A while ago, actor Bruce Willis announced he was “taking a step back” from his career after being diagnosed with aphasic, a disorder caused by damage to regions of the brain involved in understanding and expressing language. Rumer Willis, the daughter of Willis and Demi Moore, revealed in an Instagram post that her father’s diagnosis “is impacting her cognitive abilities. »
Aphasia can make it harder to write, speak, and understand language. Most often, aphasia occurs suddenly after a stroke or brain injury. Sometimes it can also develop over time as a result of a slowly growing brain tumor. The signs and symptoms of aphasia can vary depending on the part of the brain damaged and the extent of the damage. Aphasia can impact expressive language, that is, the ease with which a person can put words and sentences together to communicate orally or in writing, and receptive language, that is, the ease with which a person understands what he hears or reads.
Types of aphasia
There are several types of aphasia, depending on which part of the brain is affected. Here are a few :
This form of aphasia is also called Broca’s aphasia, in which the left frontal area of the brain is affected. Speech is severely affected in people with nonfluent aphasia, often limited to short utterances of less than four words. Vocabulary is limited and sufferers have to make great efforts to form sounds. People with Broca’s aphasia are often able to understand speech and read well, but their writing and speaking abilities can be severely affected.
People with fluid aphasia tend to speak easily and fluently in long, complex sentences, but these sentences don’t make sense or include unrecognizable or incorrect words. This condition, also called Wernicke’s aphasia, robs people of their ability to fully understand spoken language, and they do not realize that others cannot understand them.
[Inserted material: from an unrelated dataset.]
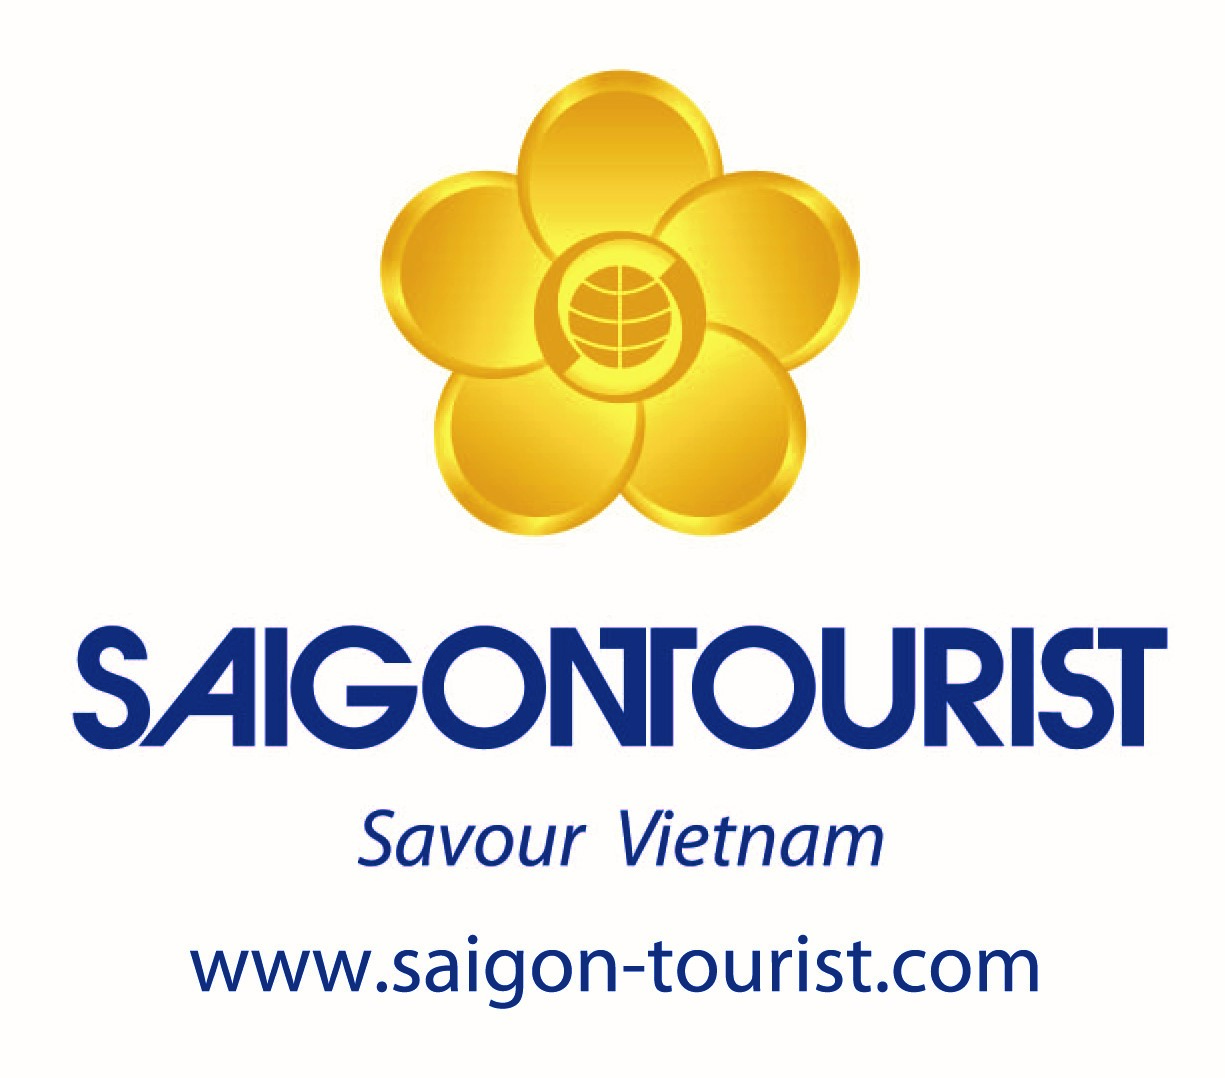 Un nouveau logo pour Saigontourist

Wernicke’s aphasia is caused by damage to the left middle side of the brain.
This is the most severe form of aphasia, in which affected individuals can say only a few unrecognizable words and understand little or no spoken language. The ability to read and write has disappeared. People with global aphasia have significant brain damage, usually due to a stroke.
Non-fluent mixed aphasia
This condition resembles Broca’s aphasia, in which patients have limited language. But unlike Broca’s aphasia, these patients also have difficulty understanding speech, as well as reading and writing.
This form of aphasia occurs when people are unable to find the words for the things they want to talk about or write, especially nouns and meaningful verbs. Their speech is fluent and grammatically correct, but they speak with vague expressions. They understand speech fairly well and, in most cases, can read.
Symptoms of Aphasia
Aphasia is a sign of an underlying disease, such as a stroke.
Symptoms of aphasia are:
– Speak in short or incomplete sentences
– talking in a way that makes no sense or saying unrecognizable words
– Substitute one word or sound for another
– not understanding what others are saying
– write words or sentences that make no sense.
Main causes of aphasia
Aphasia frequently occurs after brain injury and most commonly after stroke. A stroke is caused either by a blood clot (ischemic stroke) or by bleeding in the brain (hemorrhagic stroke). Blood loss to one area of the brain can lead to damage or death of brain cells in areas that control language. Other, less common causes may be at the root of this condition, including a brain tumor or progressive neurological disease.
Migraine can cause transient aphasia, usually during the aura phase of a migraine attack, which precedes or overlaps with the headache phase.
Treatment usually focuses on improving language and communication skills. Patients can work with a speech therapist on exercises to improve reading, speaking, writing, and comprehension. If unsuccessful, patients can also learn to communicate through other methods, such as pointing to cards with words or pictures, using smartphone apps to facilitate communication or generate speech, or using other types of assistive technologies.